Given information:
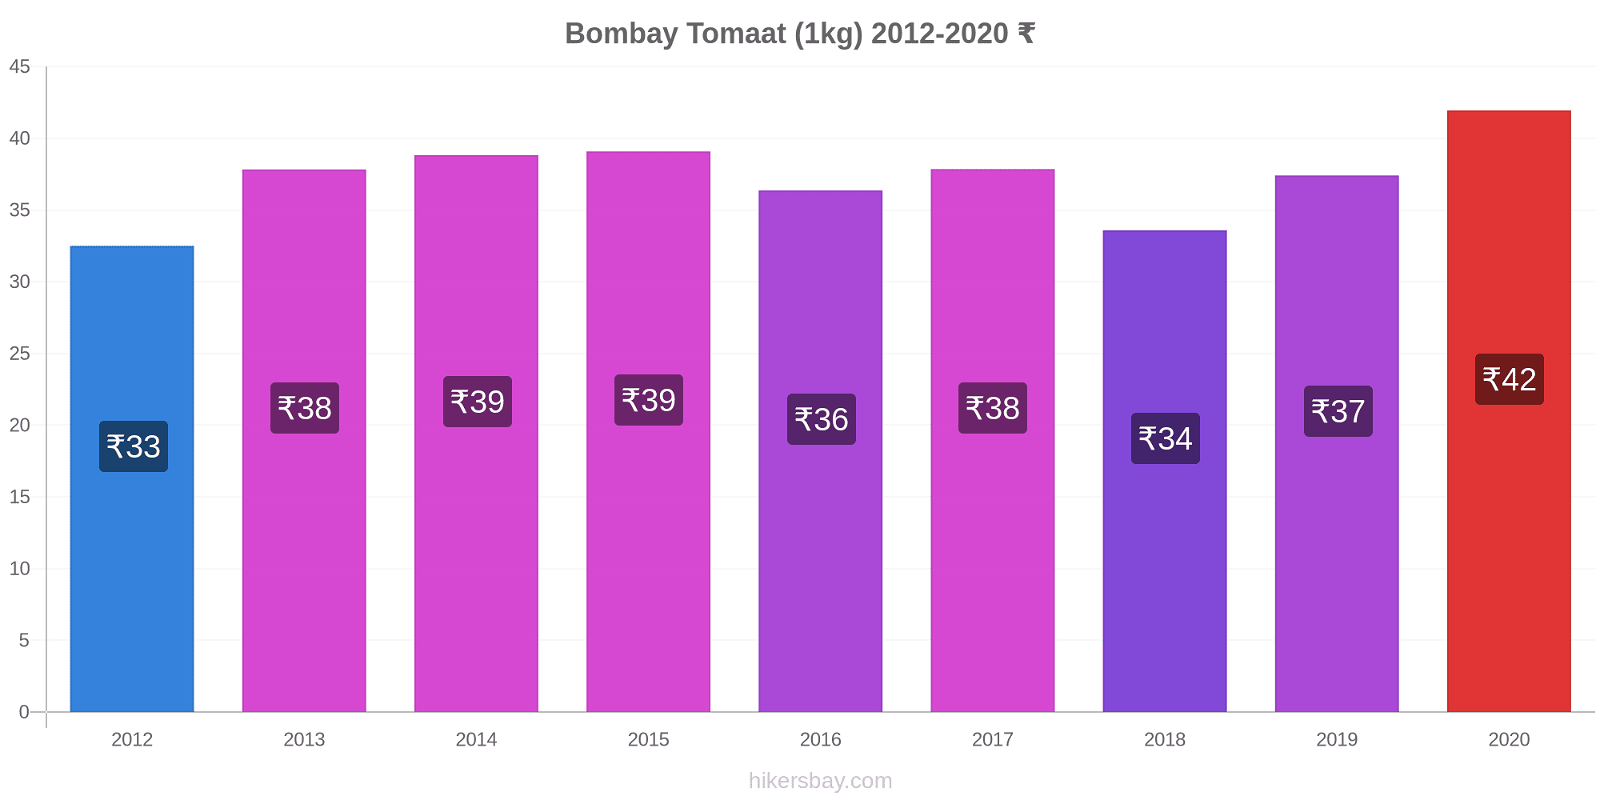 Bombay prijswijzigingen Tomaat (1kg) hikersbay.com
* * *
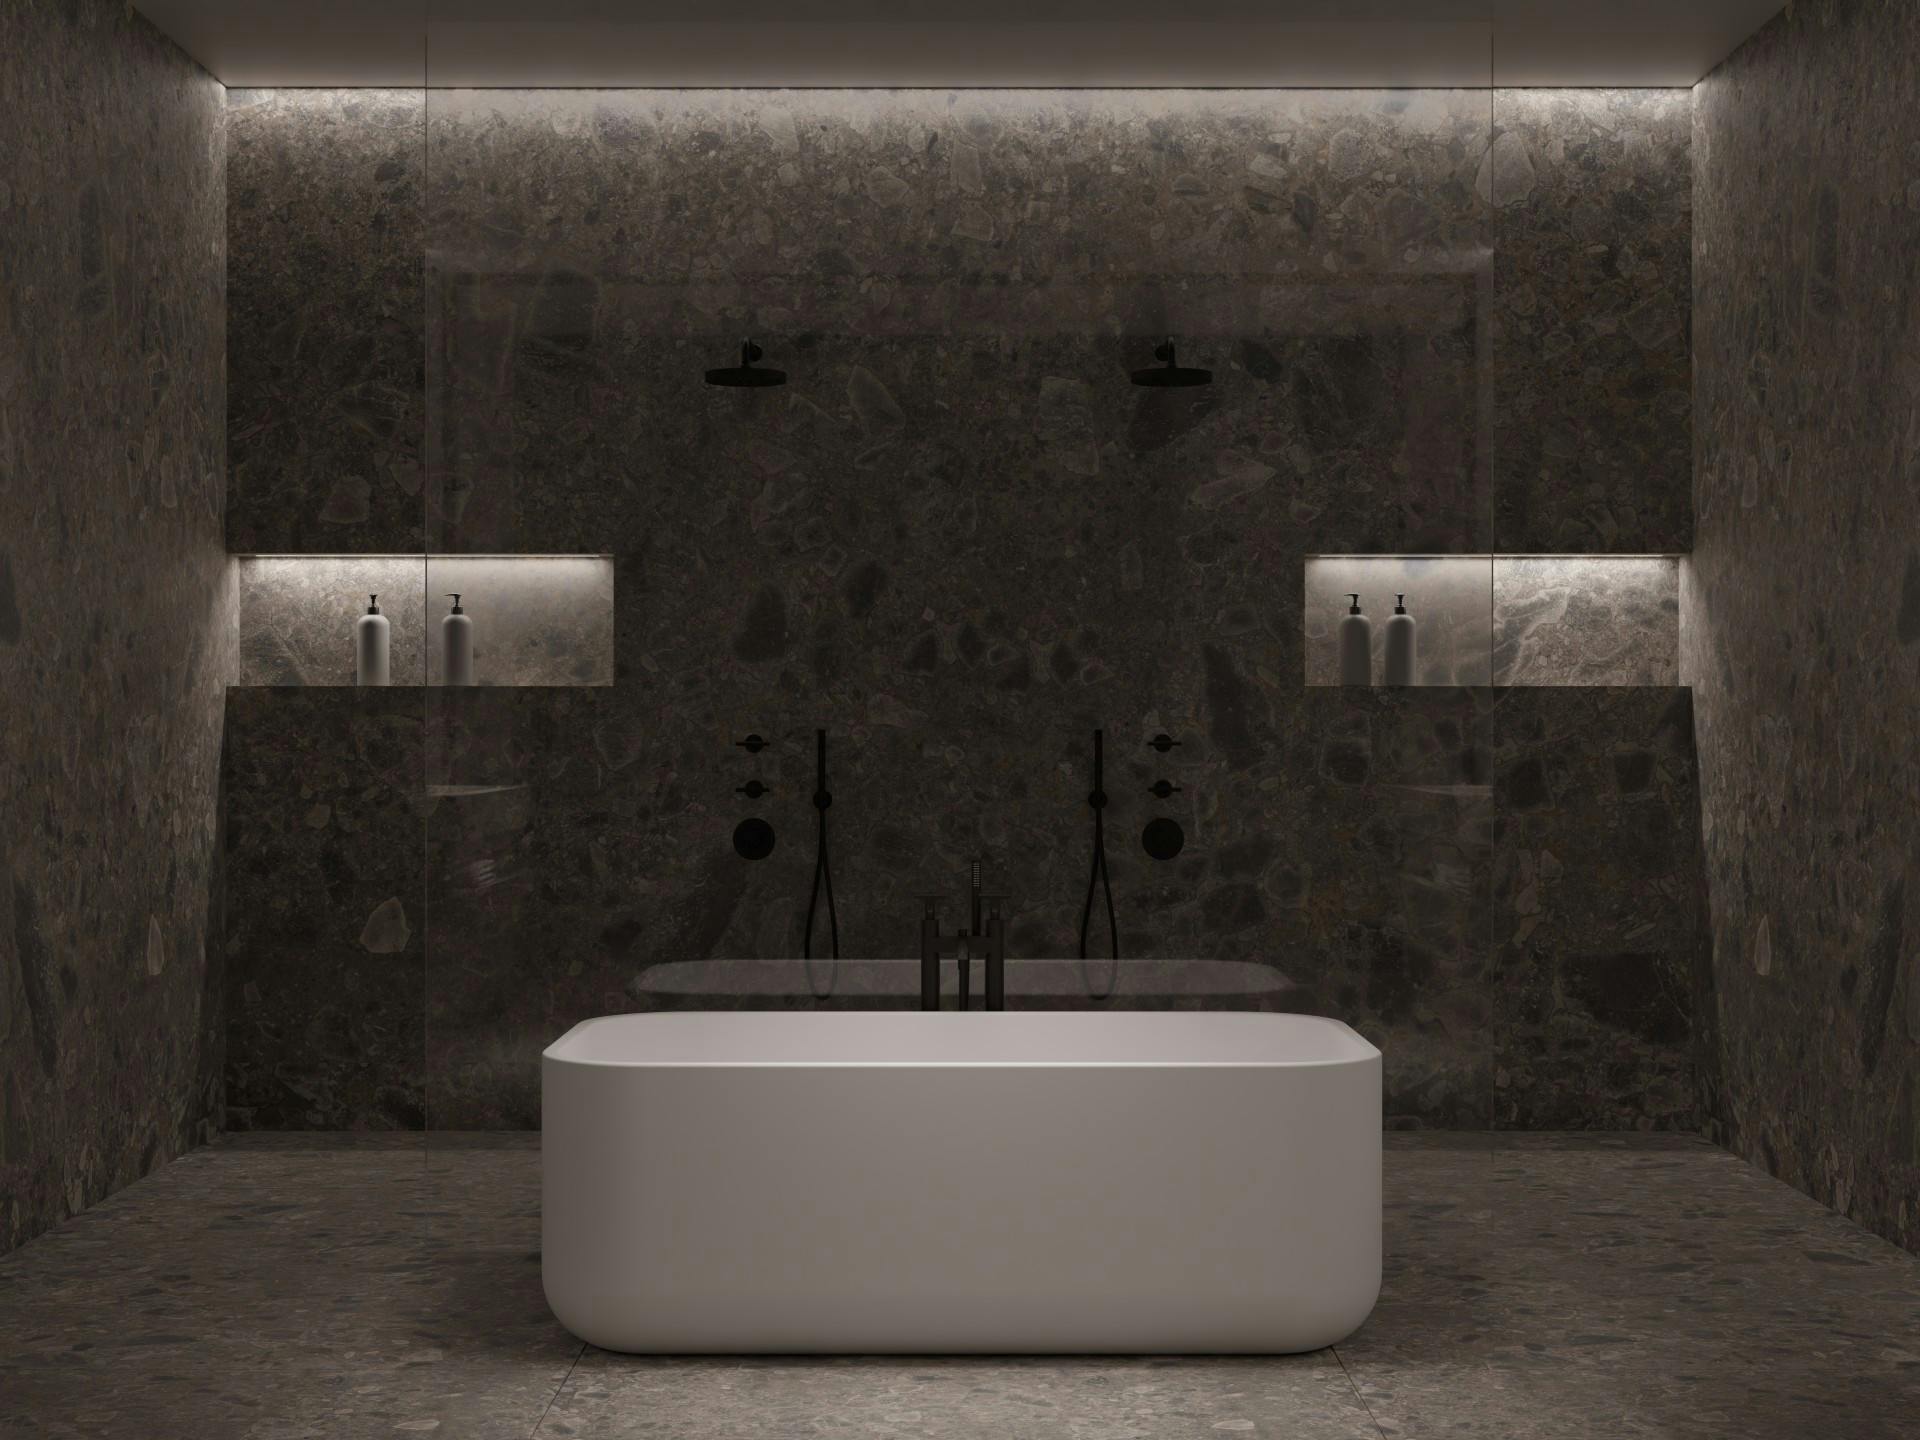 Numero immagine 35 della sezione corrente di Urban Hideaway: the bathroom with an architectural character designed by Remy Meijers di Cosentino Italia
==
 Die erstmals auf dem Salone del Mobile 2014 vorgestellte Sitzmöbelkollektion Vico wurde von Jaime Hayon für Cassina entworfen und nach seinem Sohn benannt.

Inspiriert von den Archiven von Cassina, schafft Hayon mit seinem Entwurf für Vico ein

Problem to solve: Among the records above, extract exactly the lines from the line with "Die erstmals auf" to the line with "Inspiriert von den", both lines included, and leave out the rest.

Exercise answer:
 Die erstmals auf dem Salone del Mobile 2014 vorgestellte Sitzmöbelkollektion Vico wurde von Jaime Hayon für Cassina entworfen und nach seinem Sohn benannt.

Inspiriert von den Archiven von Cassina, schafft Hayon mit seinem Entwurf für Vico ein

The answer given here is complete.